Input data:
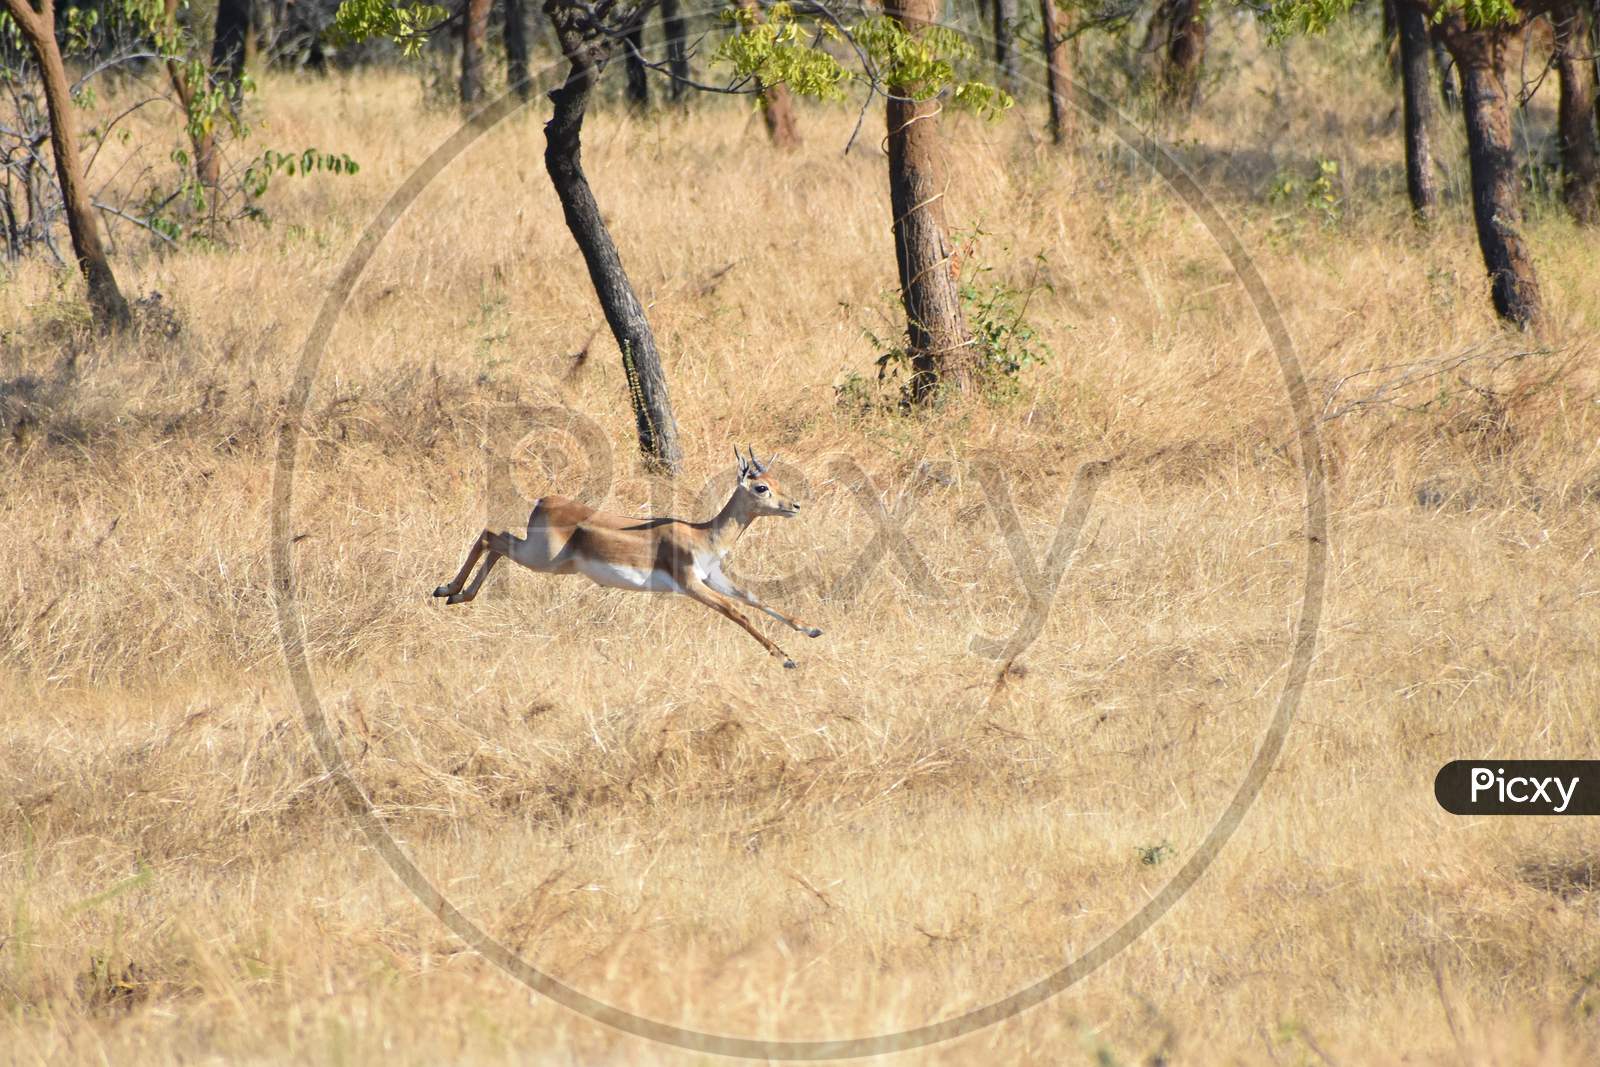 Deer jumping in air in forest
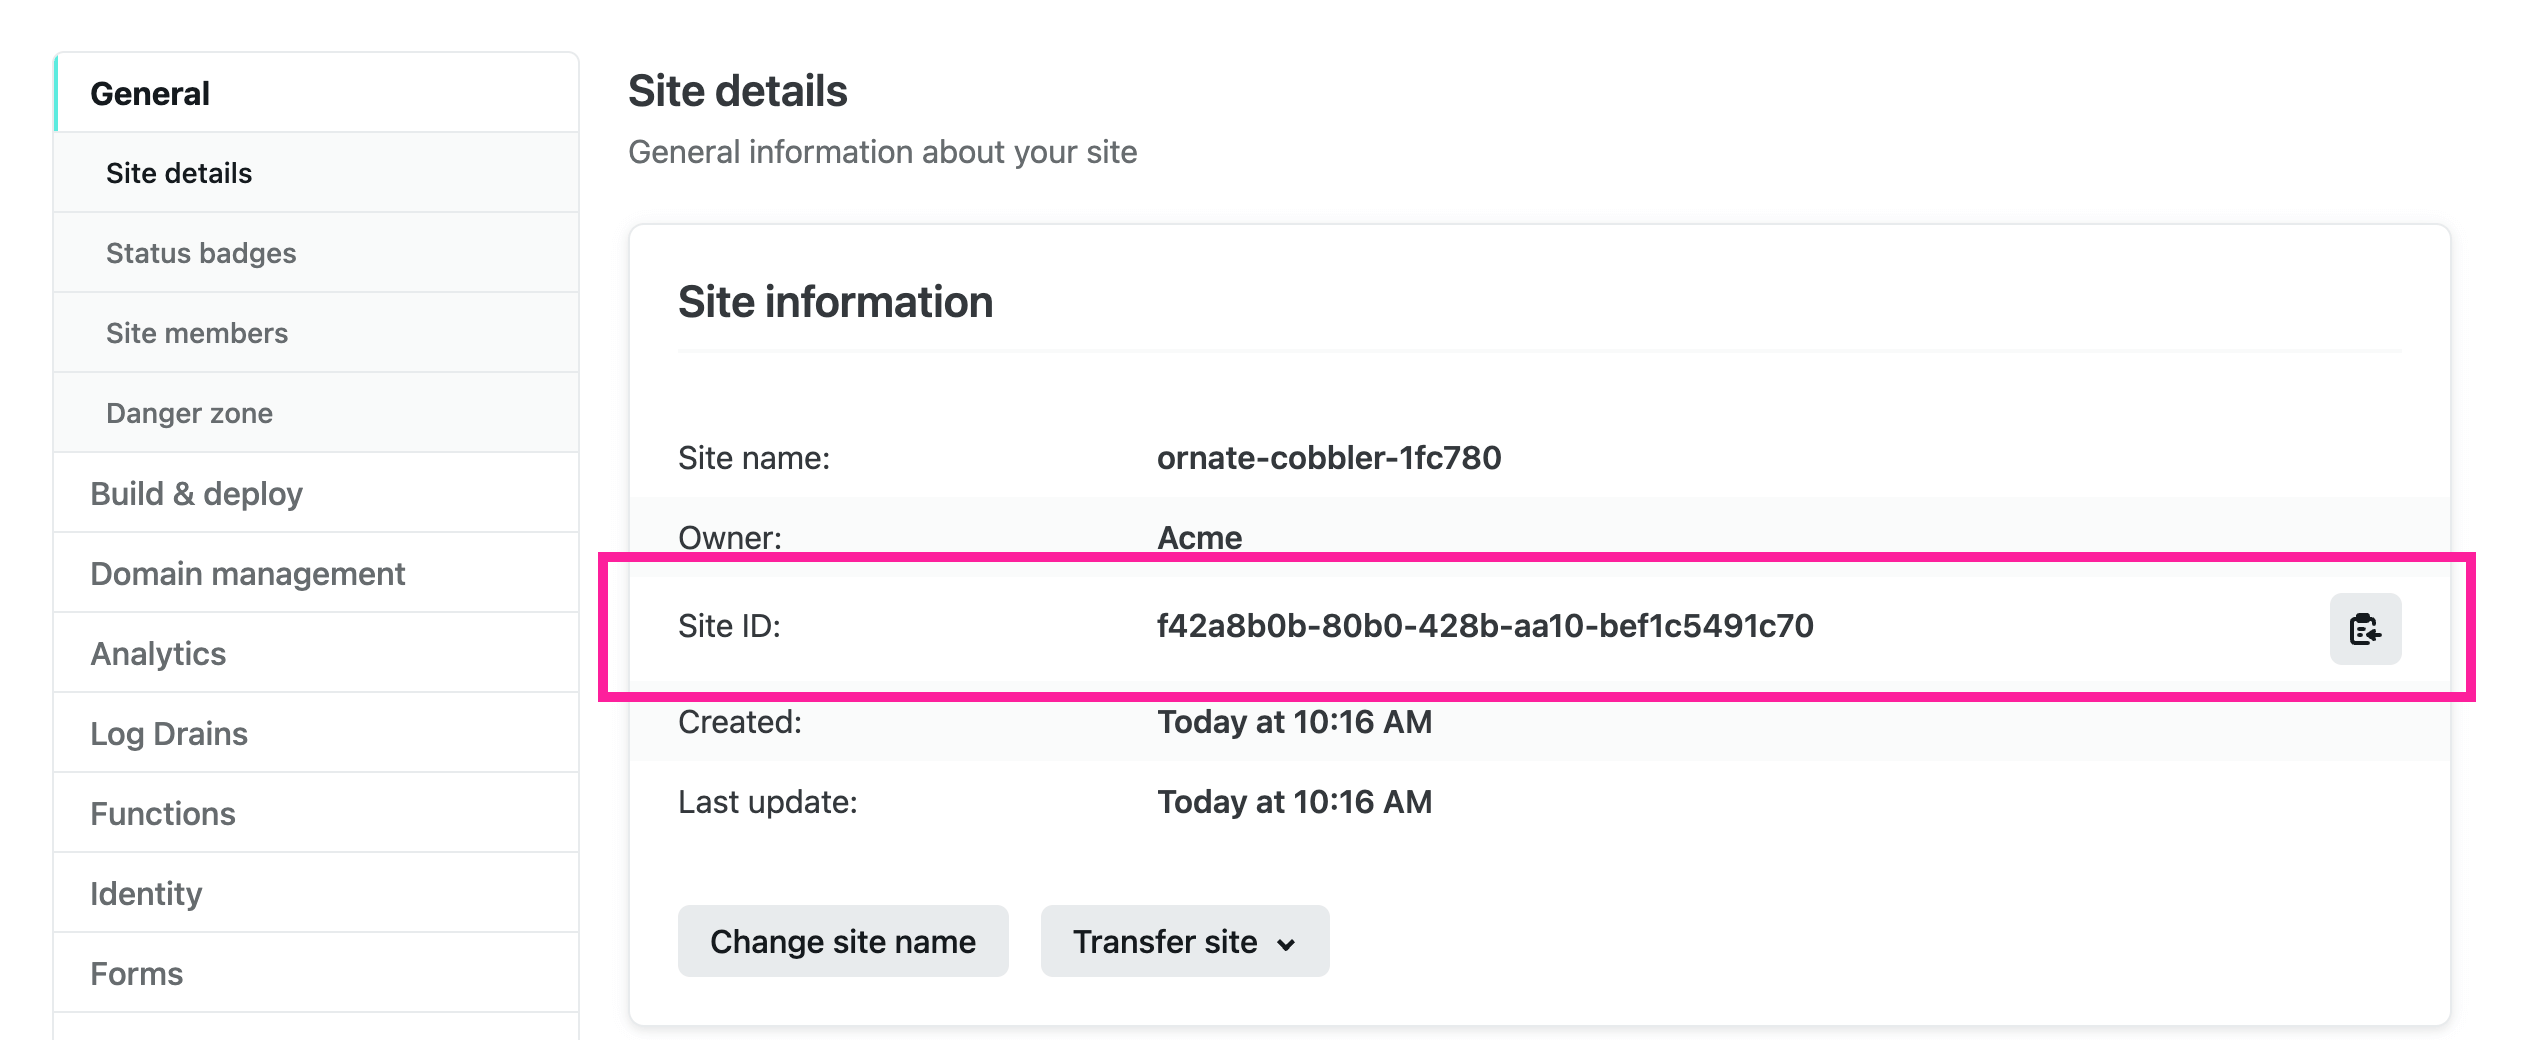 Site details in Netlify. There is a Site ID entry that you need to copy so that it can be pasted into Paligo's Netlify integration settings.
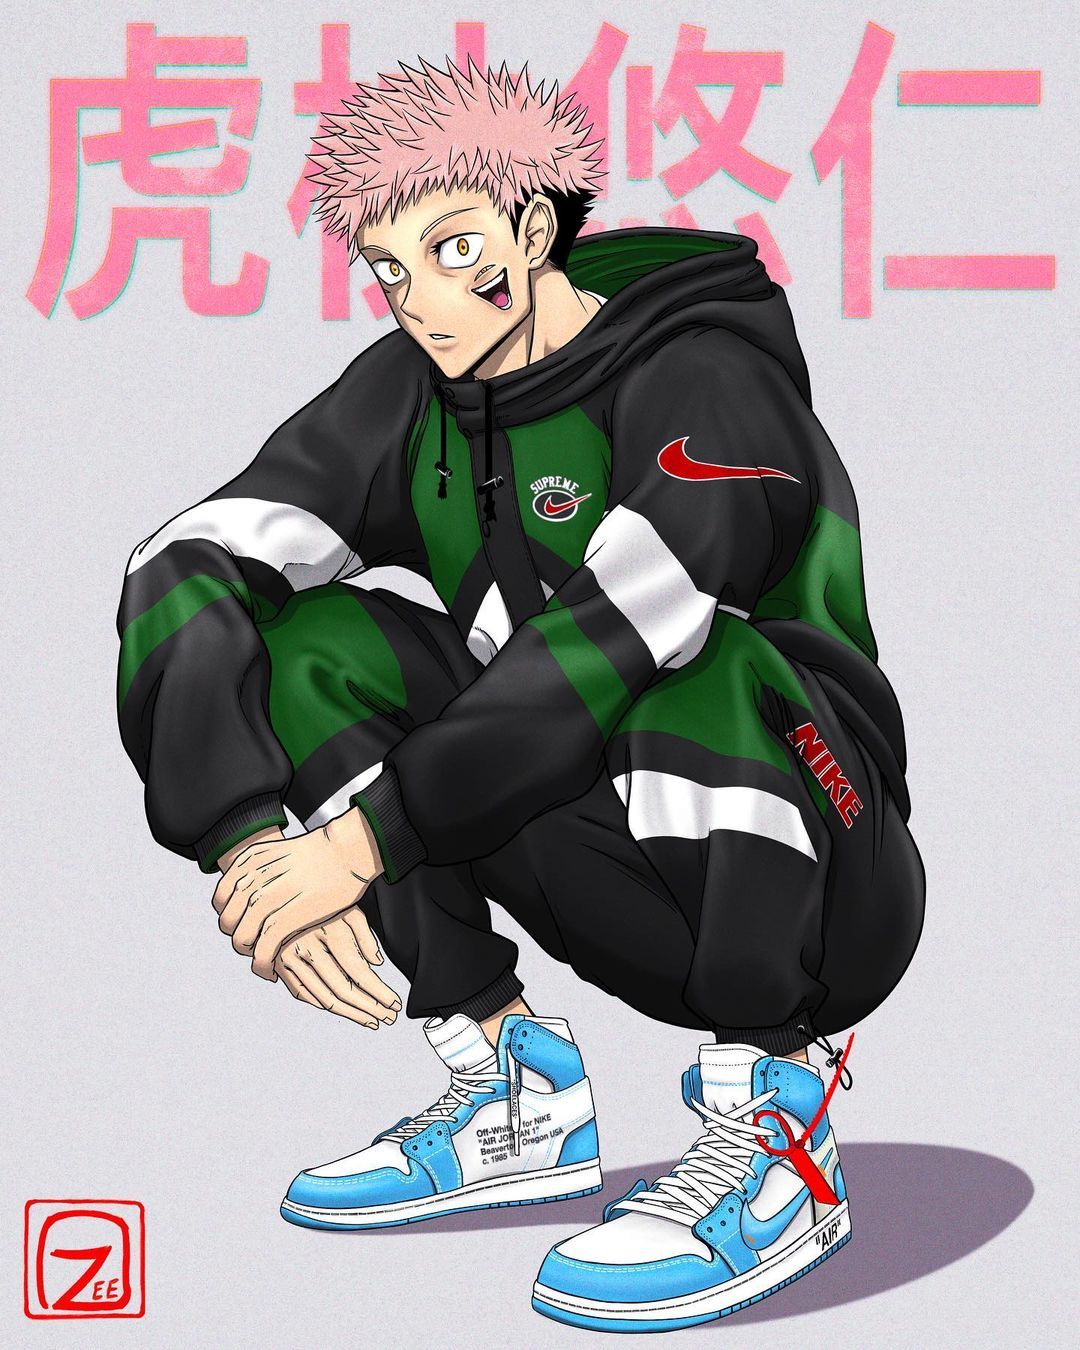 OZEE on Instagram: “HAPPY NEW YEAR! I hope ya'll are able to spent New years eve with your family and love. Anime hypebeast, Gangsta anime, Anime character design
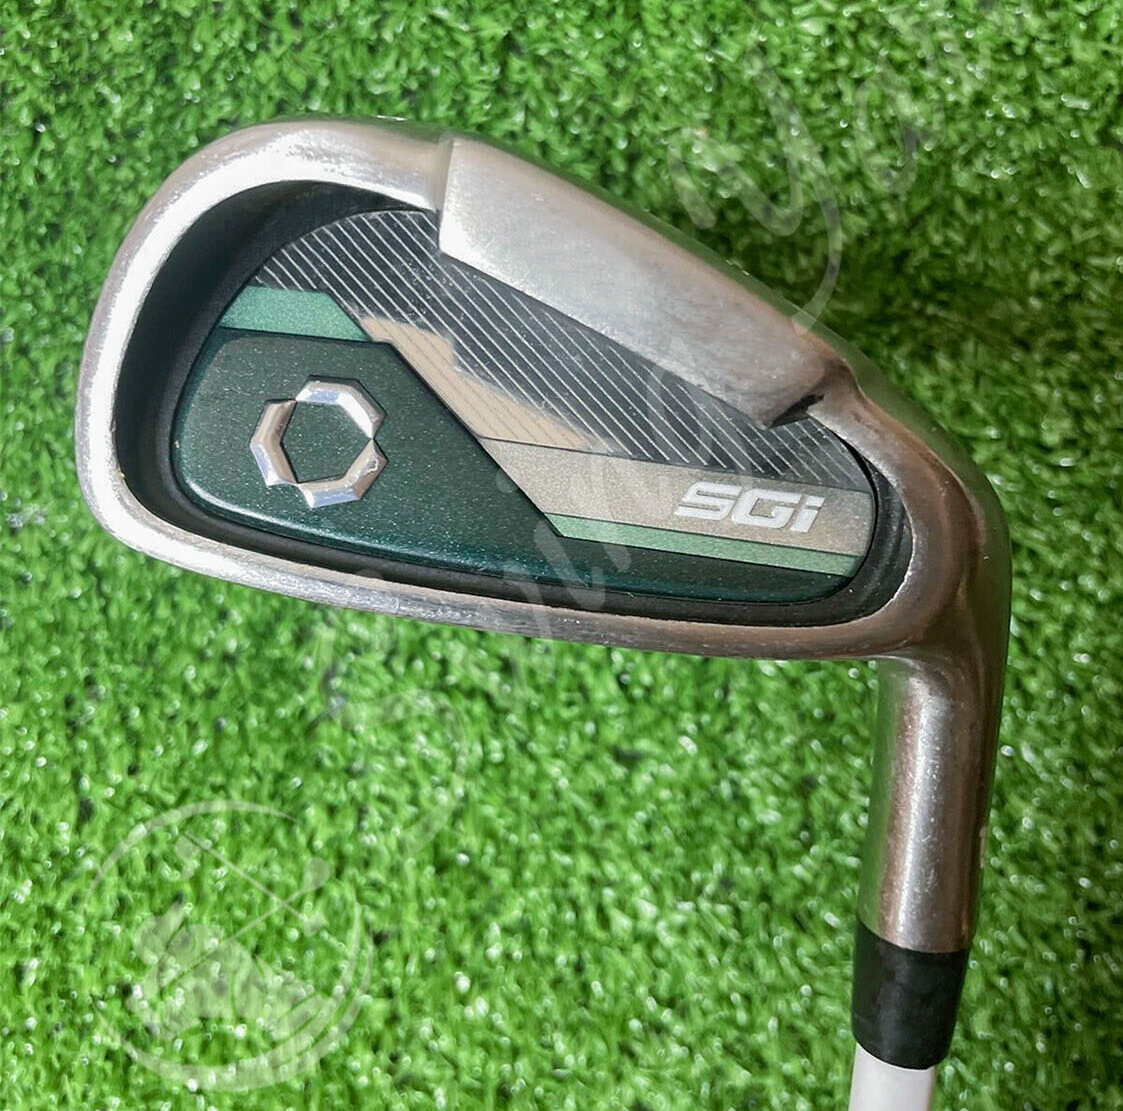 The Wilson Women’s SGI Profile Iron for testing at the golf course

What you will do: Without the pictures, repeat the line with "Site details in" and every line after it to the end of the listing, and nothing else.

Result of this task:
 Site details in Netlify. There is a Site ID entry that you need to copy so that it can be pasted into Paligo's Netlify integration settings.
 OZEE on Instagram: “HAPPY NEW YEAR! I hope ya'll are able to spent New years eve with your family and love. Anime hypebeast, Gangsta anime, Anime character design
 The Wilson Women’s SGI Profile Iron for testing at the golf course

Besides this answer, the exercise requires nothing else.